WHAT YOU HAVE TO DO:
Everything below from the line with "10 Habits Of" through the line with "Sterling Silver Thank" should be copied exactly, and nothing else; leave out the pictures.

——————

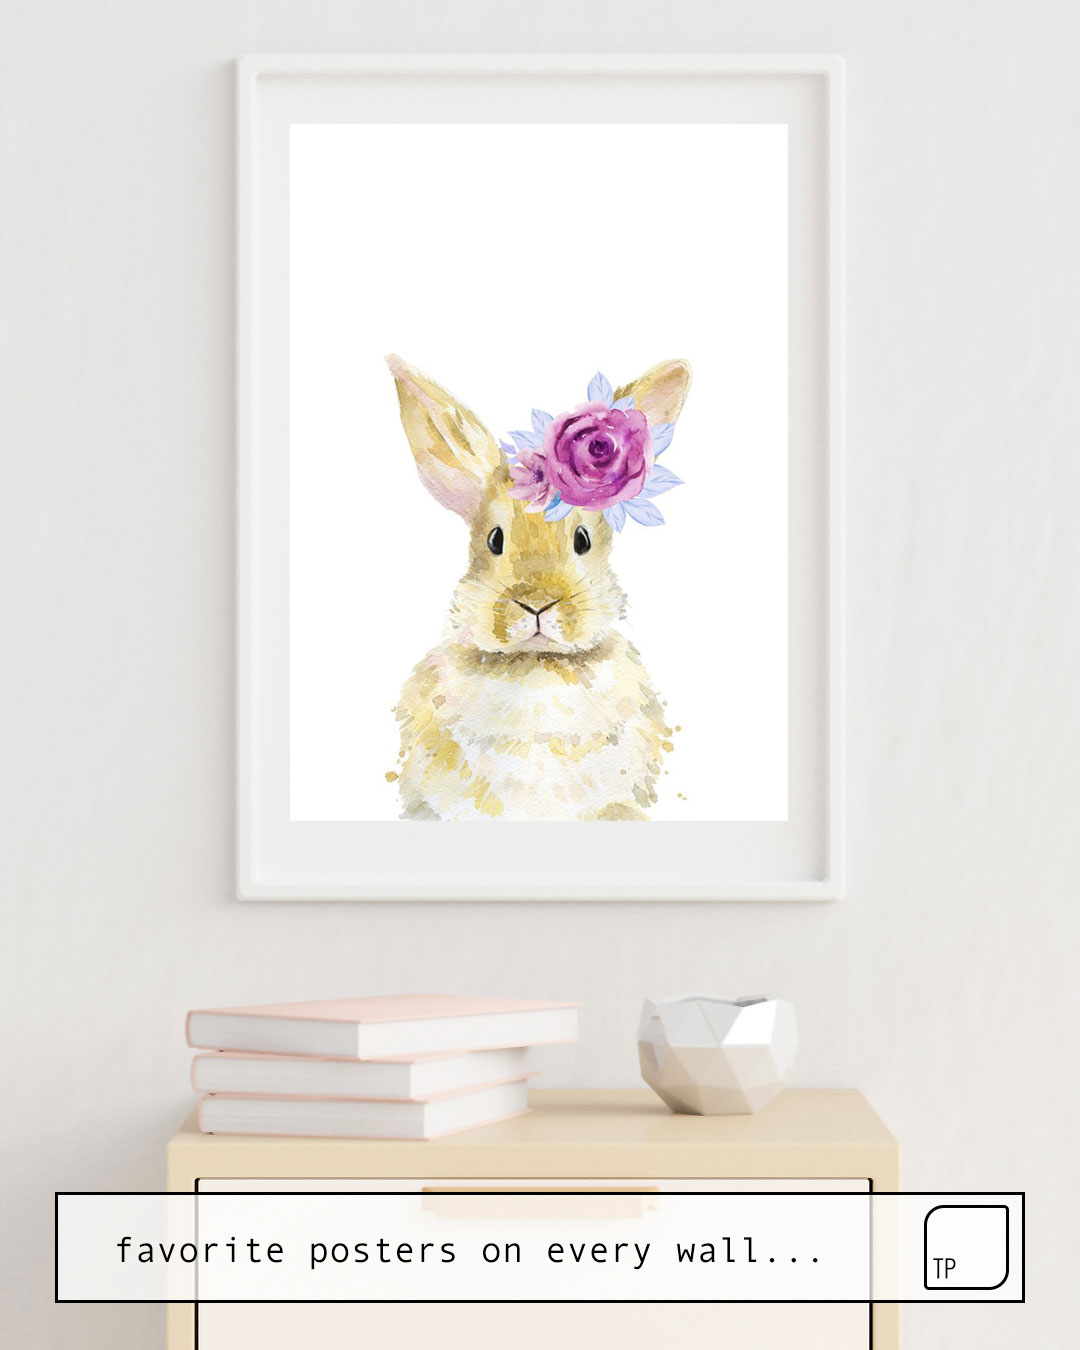 Poster | WATERCOLOUR RABBIT WITH FLOWERS ON THE HEAD. von Art by ASolo
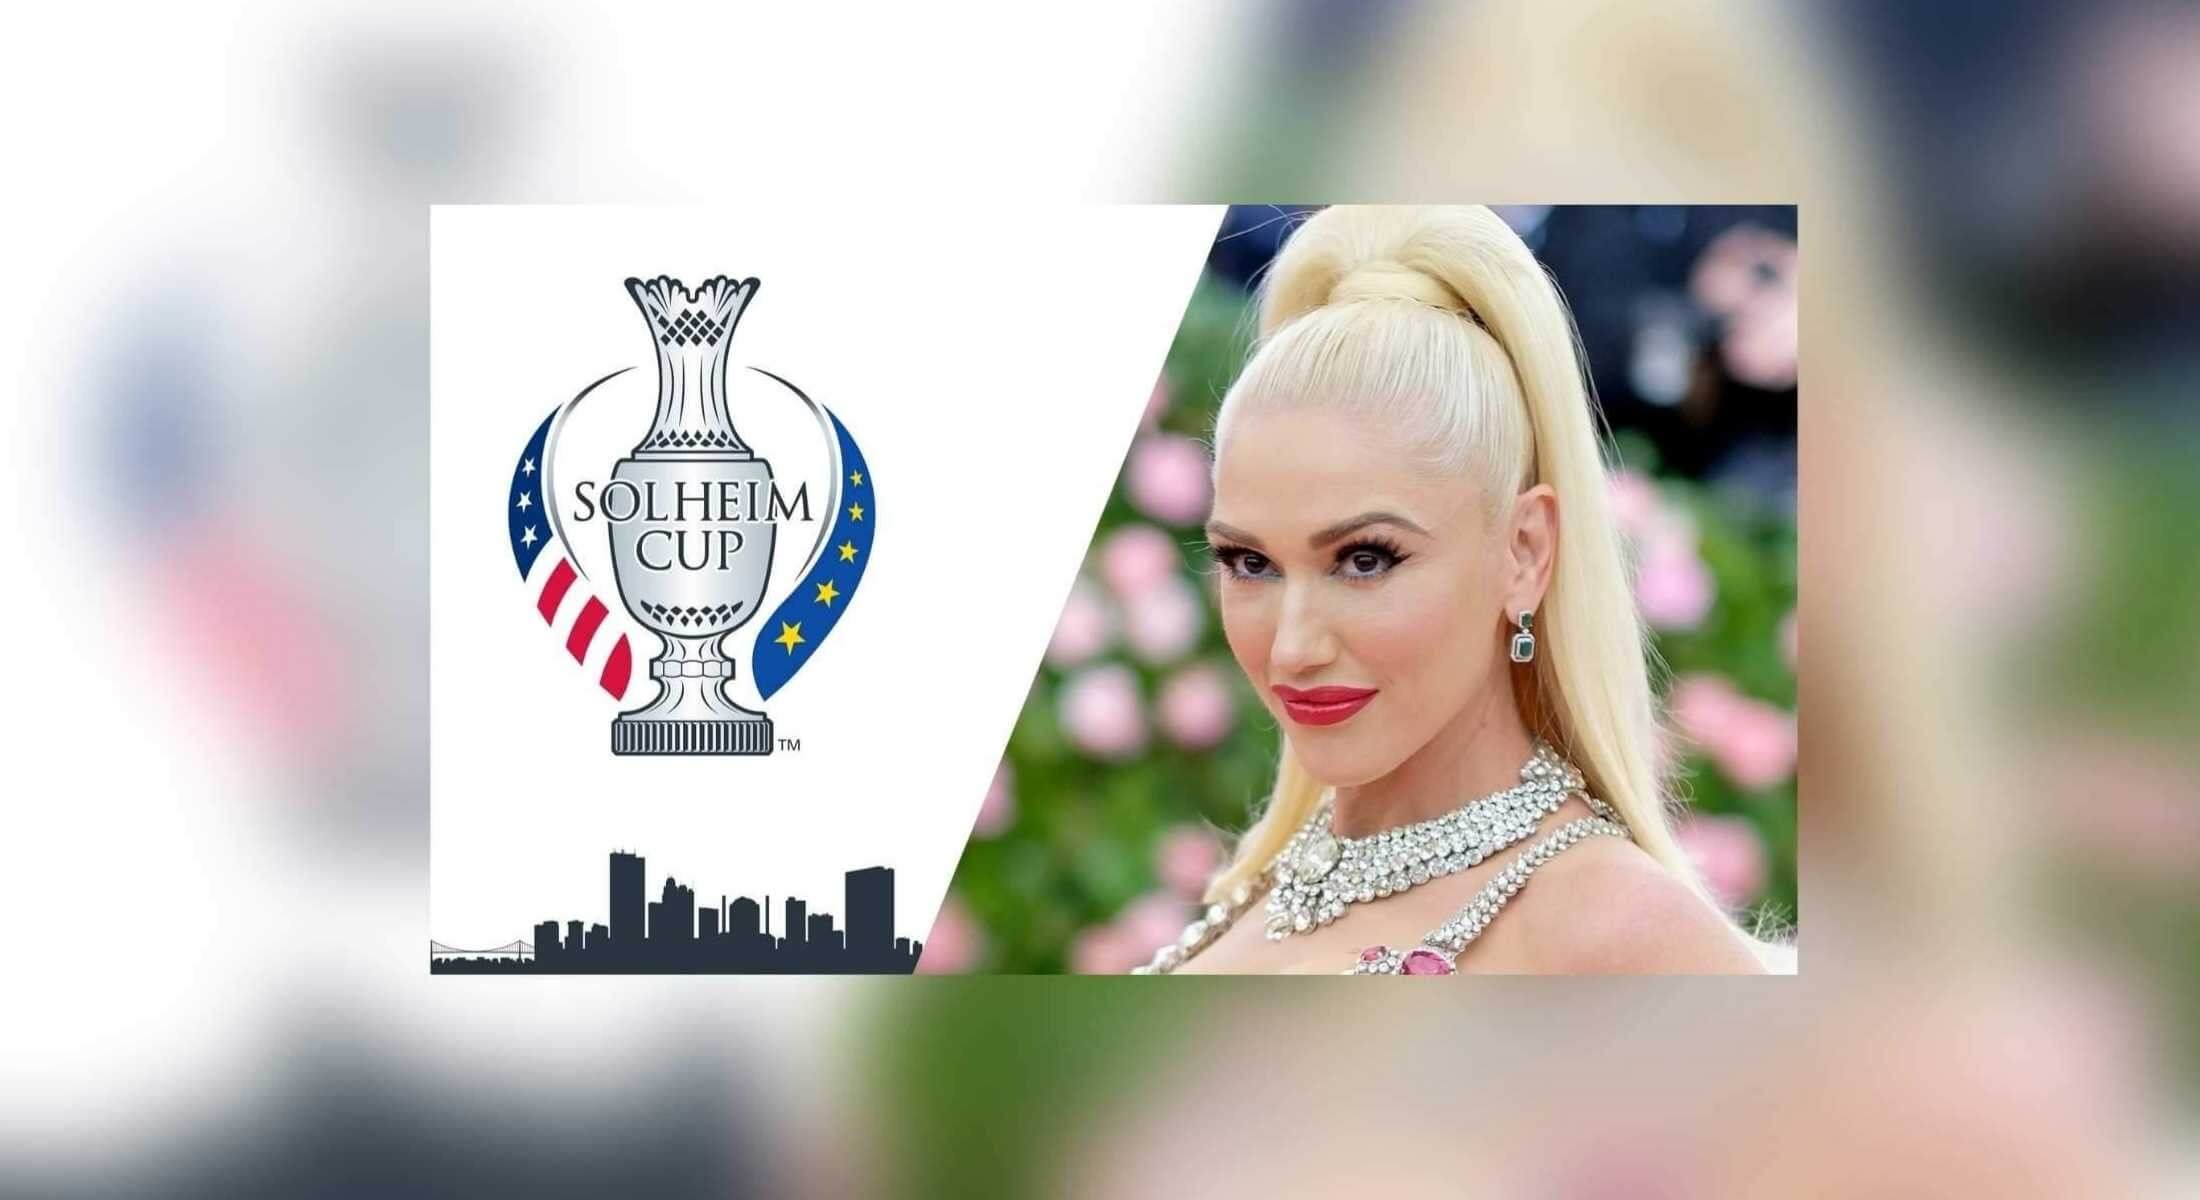 Solheim Cup Opening Ceremony Celebration 2021
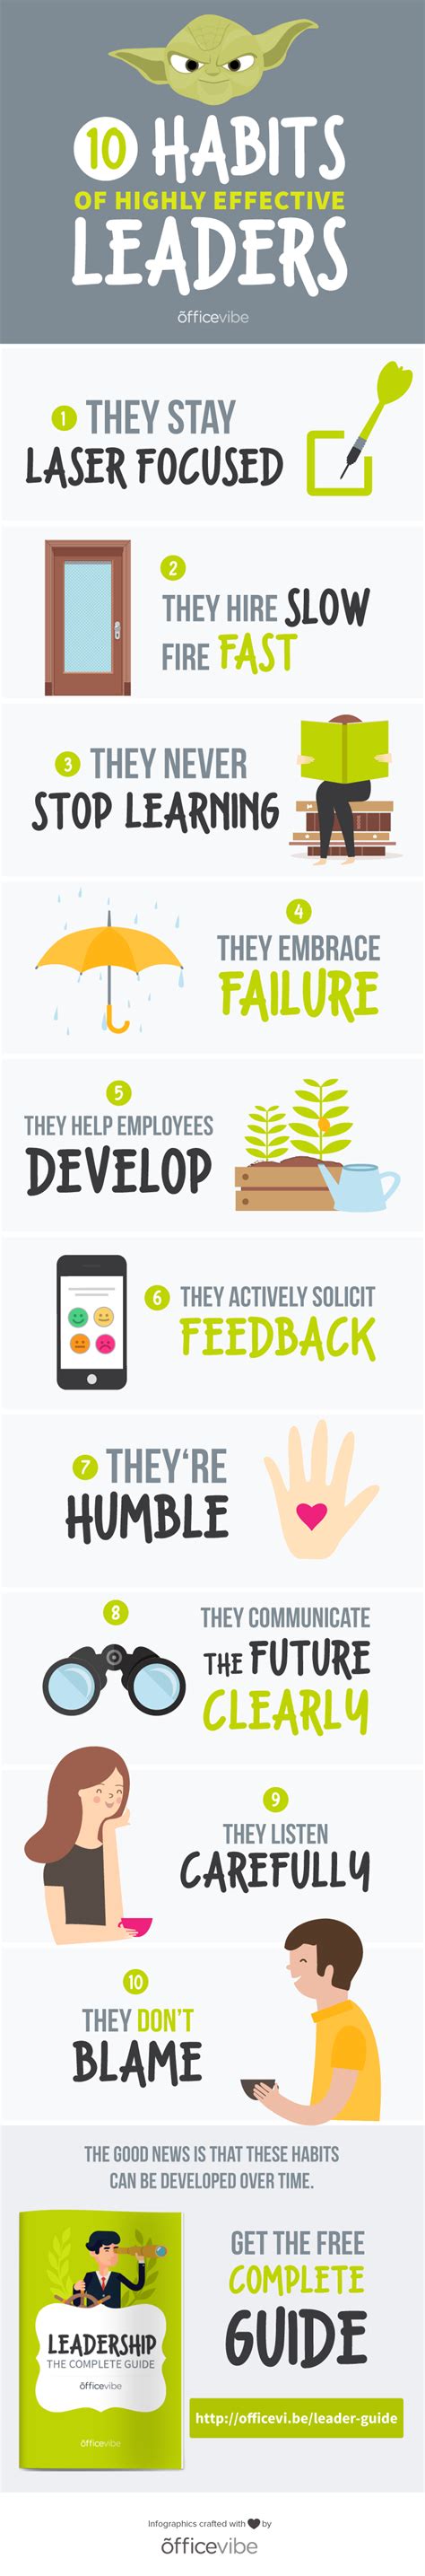 10 Habits Of Highly Effective Leaders Infographic Business 2 Community
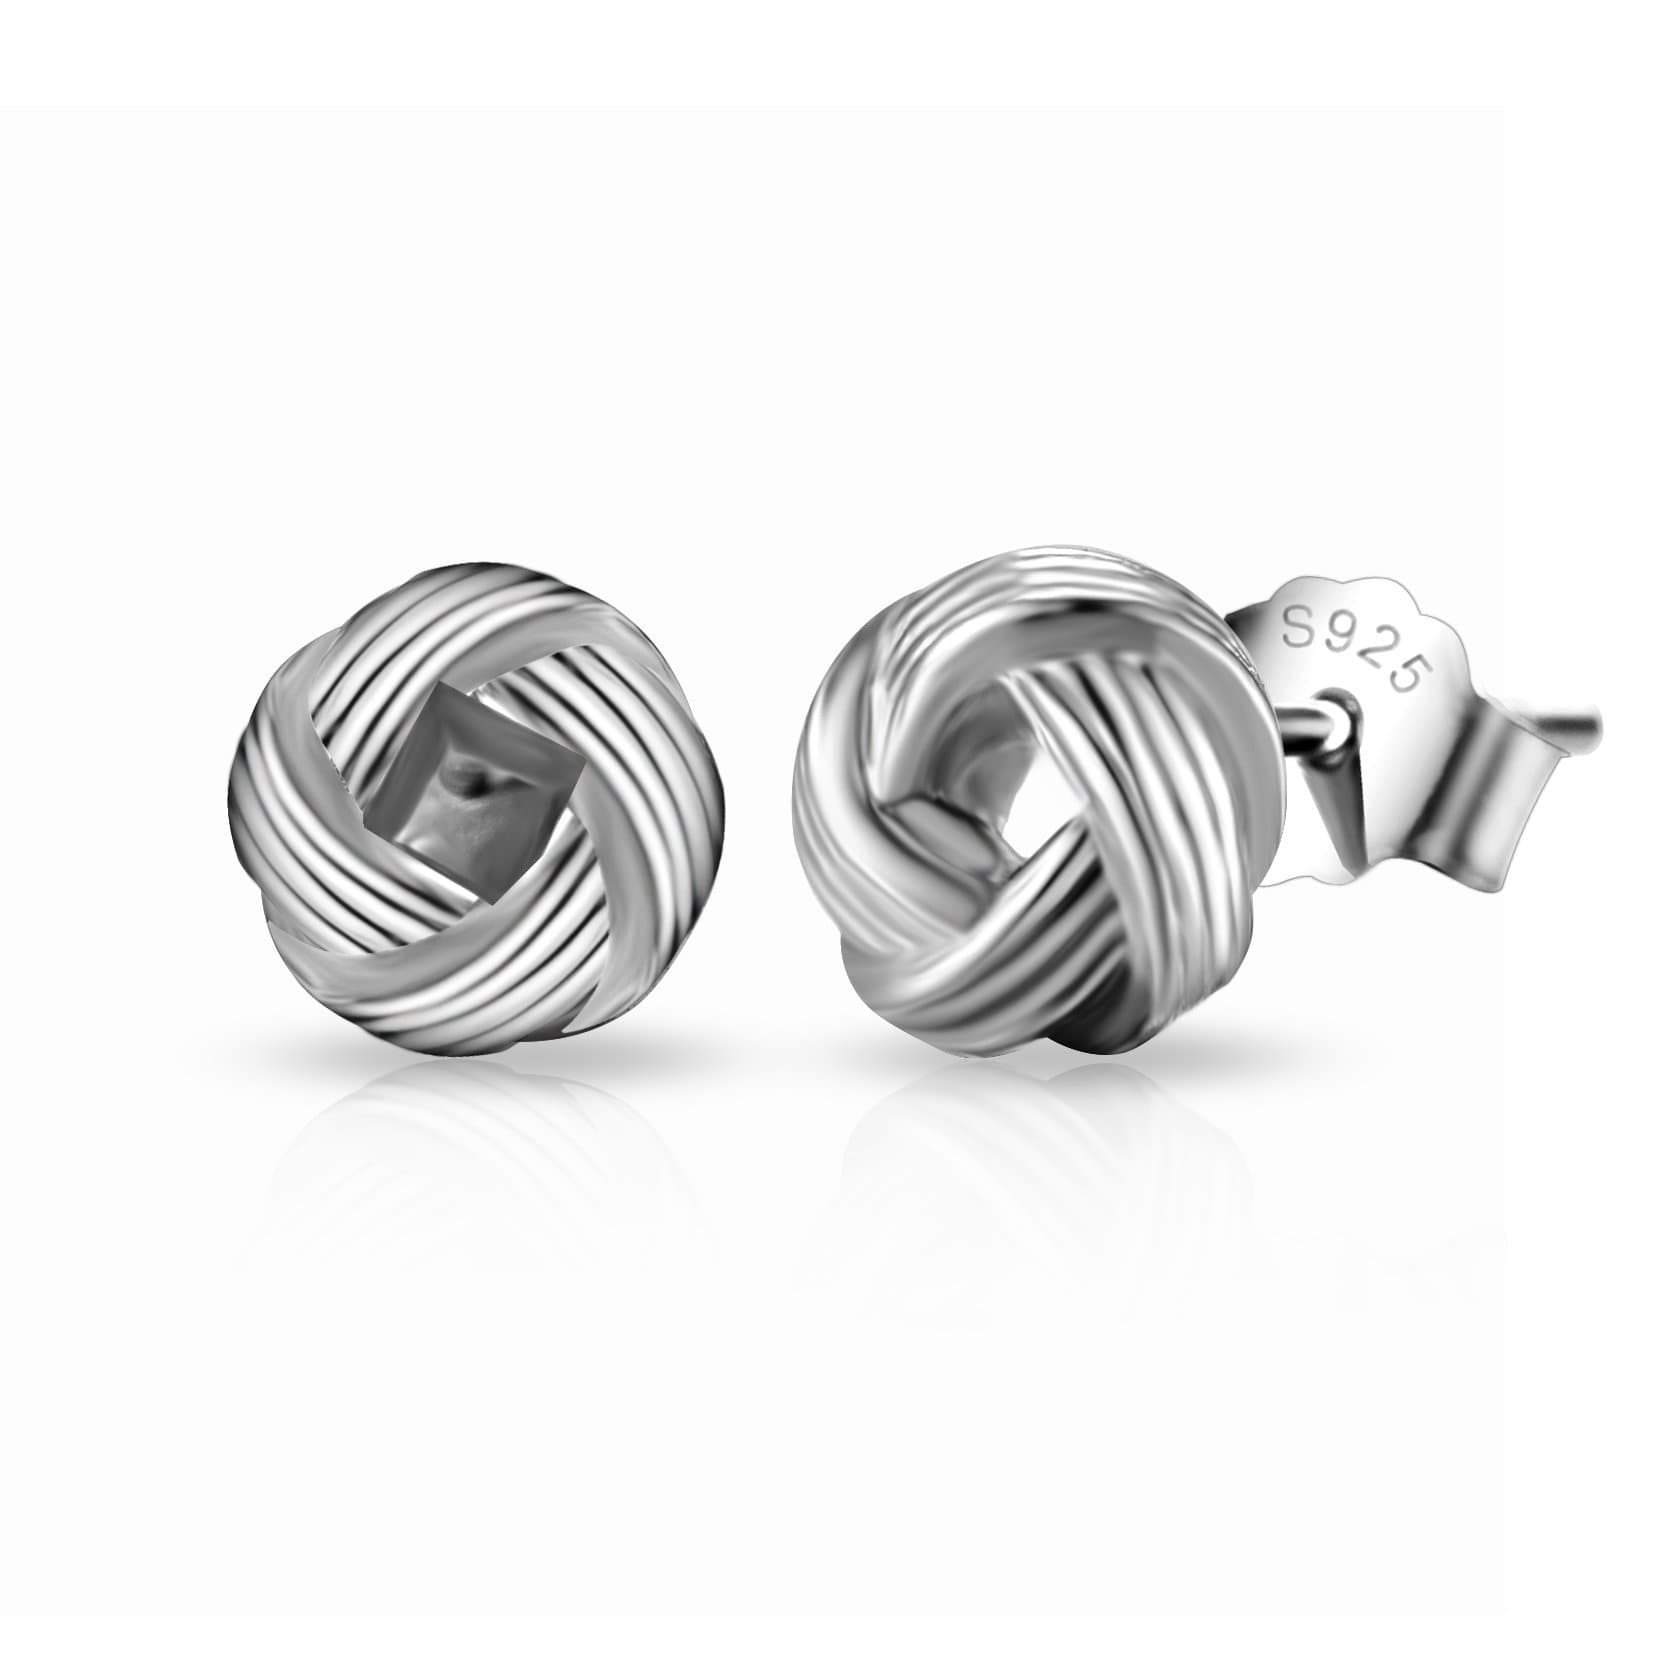 Sterling Silver Thank You for Helping us Tie The Knot Earrings
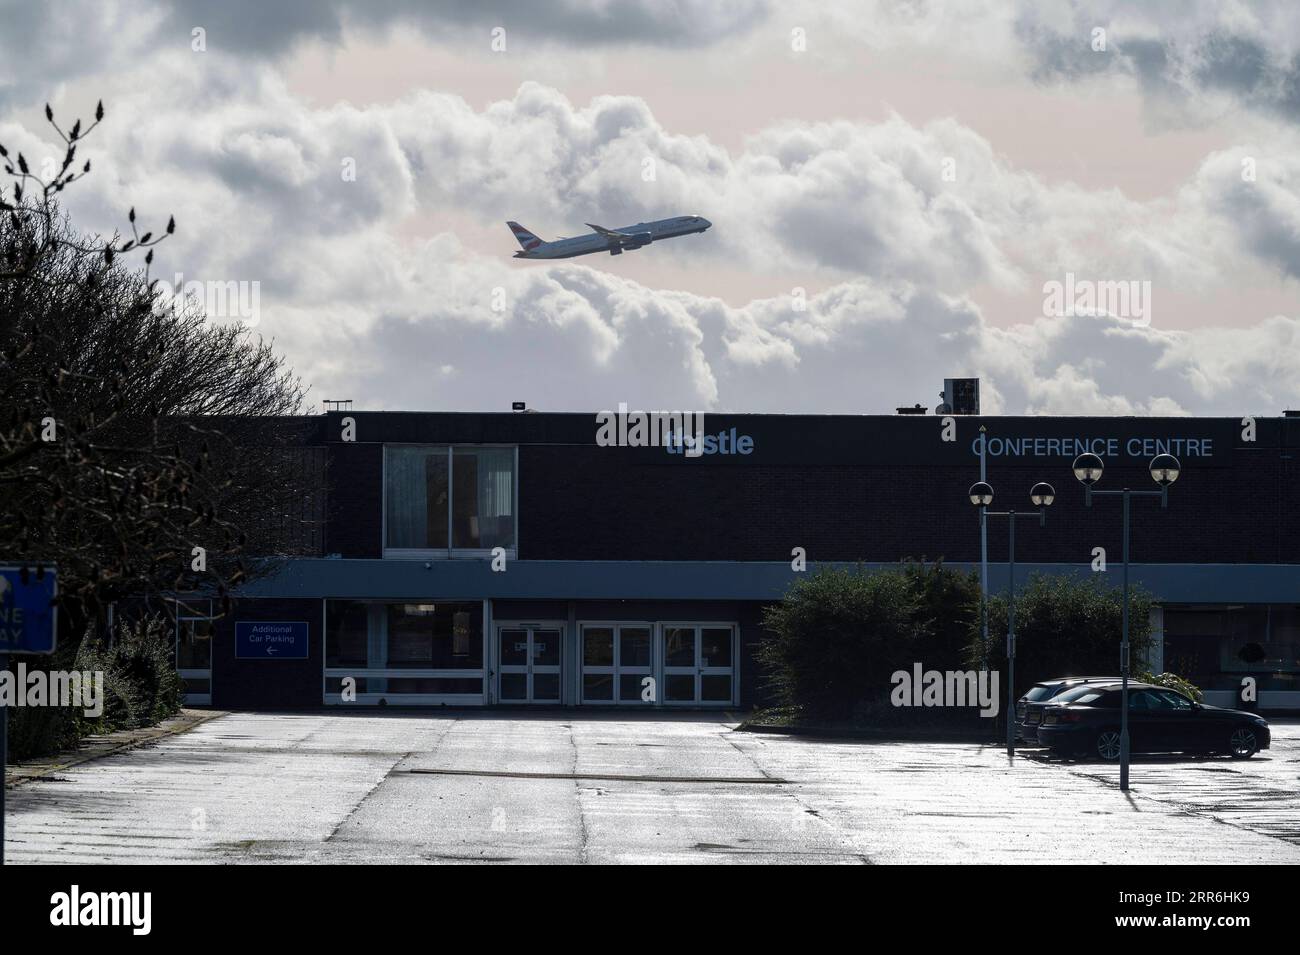 210217 -- BEIJING, Feb. 17, 2021 -- An airplane flies over a hotel near Heathrow Airport in London, Britain, Feb. 15, 2021. From Monday, all British and Irish citizens and British residents who arrive in England after being in the red list of more than 30 high-risk countries now have to self-isolate in hotels. The red list countries include South Africa, Portugal and South American nations. Photo by /Xinhua XINHUA PHOTOS OF THE DAY RayxTang PUBLICATIONxNOTxINxCHN Stock Photo

——————

EXERCISE SOLUTION:
 10 Habits Of Highly Effective Leaders Infographic Business 2 Community
 Sterling Silver Thank You for Helping us Tie The Knot Earrings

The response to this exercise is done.